An internal knowledge-base assistant for a 100-person company — 5,000 questions per day. Input 4,000 tokens (longer retrieved context), output 400 tokens. Per question: ~$0.018. Daily: $90. Monthly: ~$2,700. Verdict: planning constraint at the high end of “small,” budget item at scale.

A document-processing pipeline — 100,000 PDFs per month at 5 pages each. Input ~2,500 tokens per page, output ~500 tokens. Per page: ~$0.015. Per document: ~$0.075. Monthly: $7,500. Verdict: a real line item; worth optimising or moving to specialised OCR (see Extract structured data from PDFs at scale).

An agent doing multi-step reasoning — 10,000 sessions per day, 8 turns each. This is where it gets expensive. Each turn re-pays input cost; output tokens accumulate. Conservative estimate: $0.50–$2 per session. Daily: $5,000–$20,000. Monthly: $150k–$600k. Verdict: agents at scale are a different cost regime; budget accordingly or pick smaller models for sub-tasks.

Pattern: for most “AI as a tool” use cases, the bill is small. For “AI in the hot path of a high-volume product,” the bill becomes a real engineering constraint and shapes what’s worth building.

What to watch for

Where pricing assumptions break

Vendor pricing pages quote per-million-tokens; your invoice is per-token. A 30% increase in average output length on a high-volume workload shows up as a 30% increase in monthly bill. Monitor your average output length, not just call count.
Reasoning modes (o-series, Claude extended thinking, Gemini Deep Think) bill the model’s “thinking” tokens. These can be 10–50× more output tokens than the user-visible response. Worth it for hard problems; expensive for routine ones.
Image and audio inputs are tokenised differently. Each image is roughly 1,000–2,000 tokens depending on resolution; audio input is also priced per-token, with conversion ratios that vary by vendor. Check the specific vendor docs for multimodal pricing.
Caching only helps if your context is genuinely repeated. A new context per call doesn’t benefit.

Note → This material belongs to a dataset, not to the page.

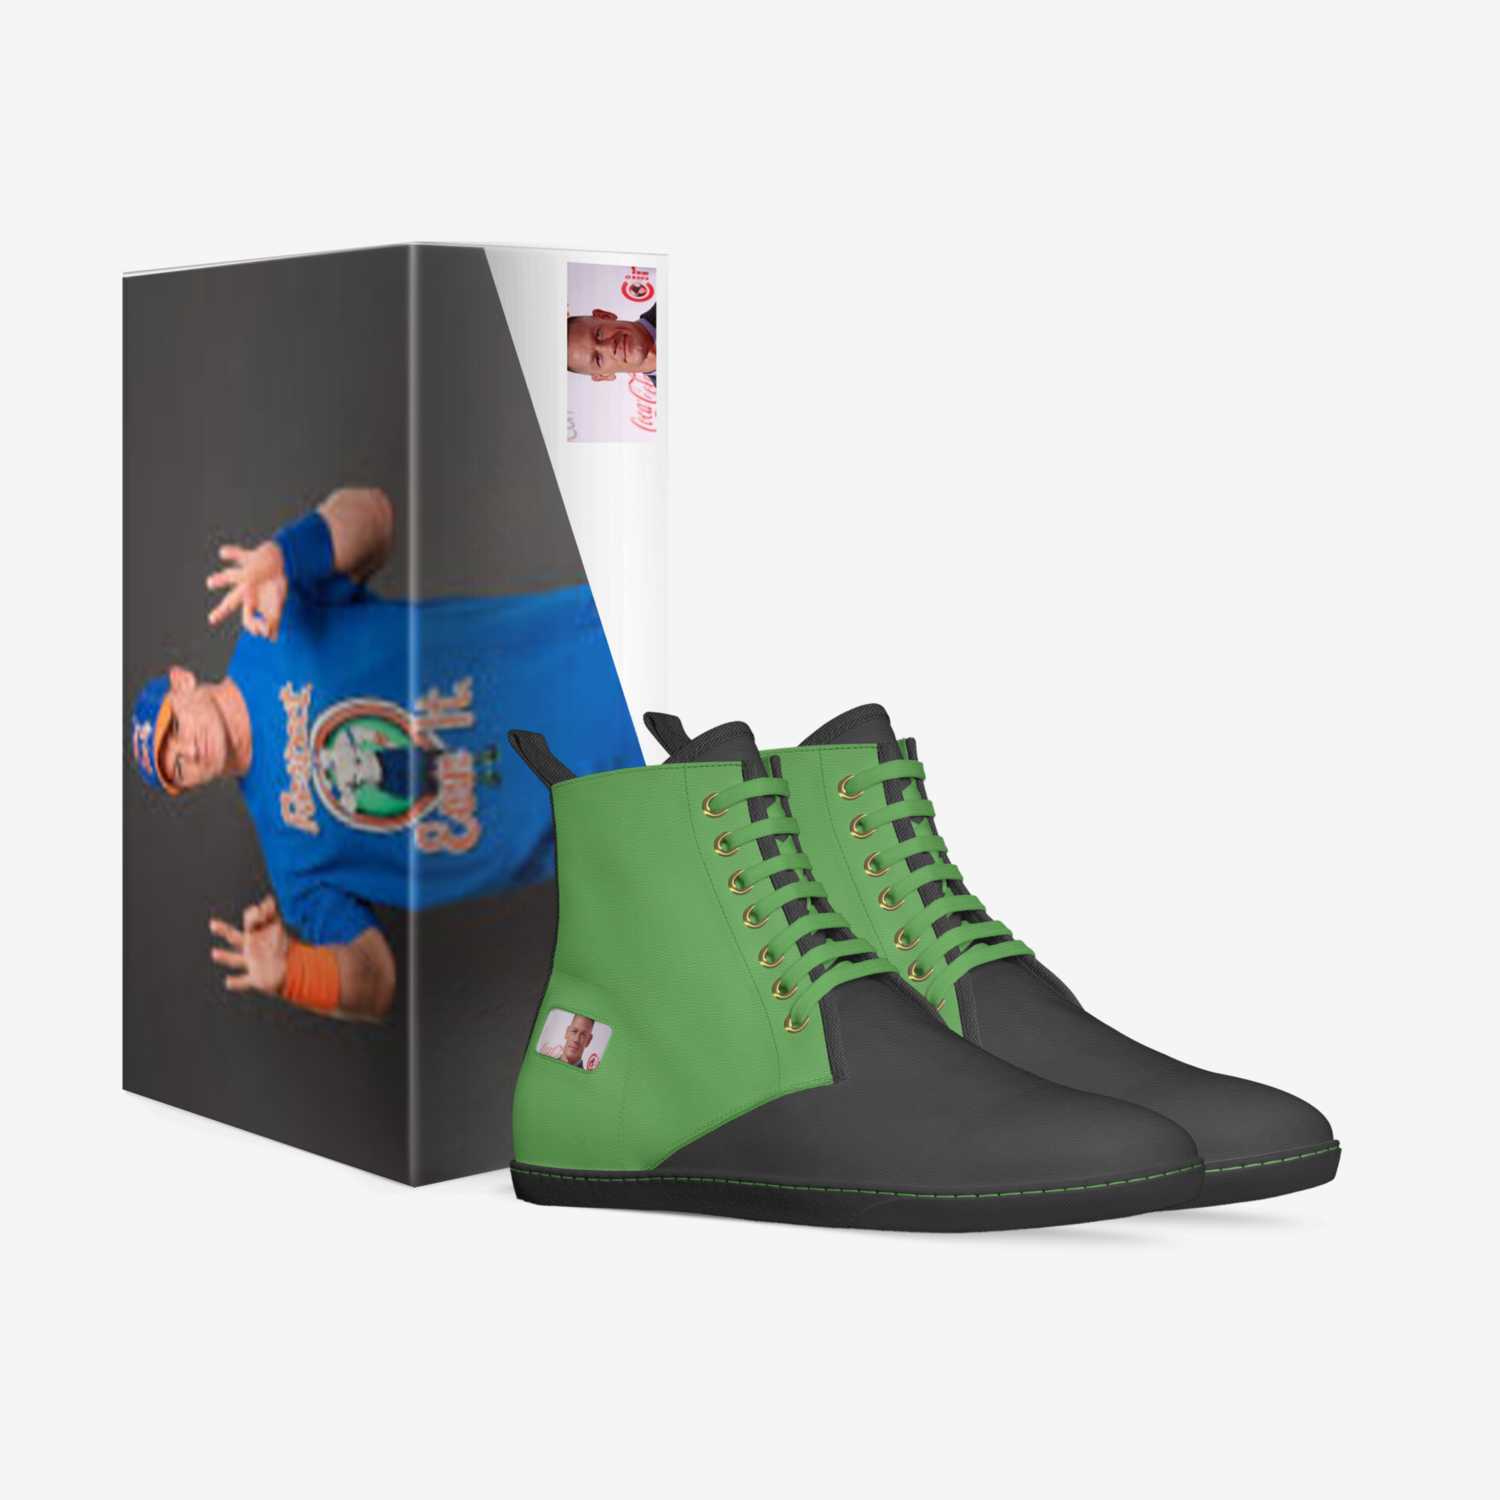 John Cenas custom made in Italy shoes by Alex Perez | Box view

Architect your prompts so the long, unchanging part comes first.
Free tiers have hidden costs. “Free” usually means rate-limited and slow; the per-call cost is being subsidised. If you build a product on a free tier, your scaling story breaks at the moment it works.

Common questions

FAQ

Why does the same prompt sometimes use a different number of tokens?

Output is the variable part — the model decides how long to respond. Input is deterministic for a given tokenizer and prompt, but two different vendors will tokenize the same text into slightly different counts (their tokenizers differ). When you compare costs across vendors, compare the cost of the work, not the token count.

How do I keep costs down without giving up quality?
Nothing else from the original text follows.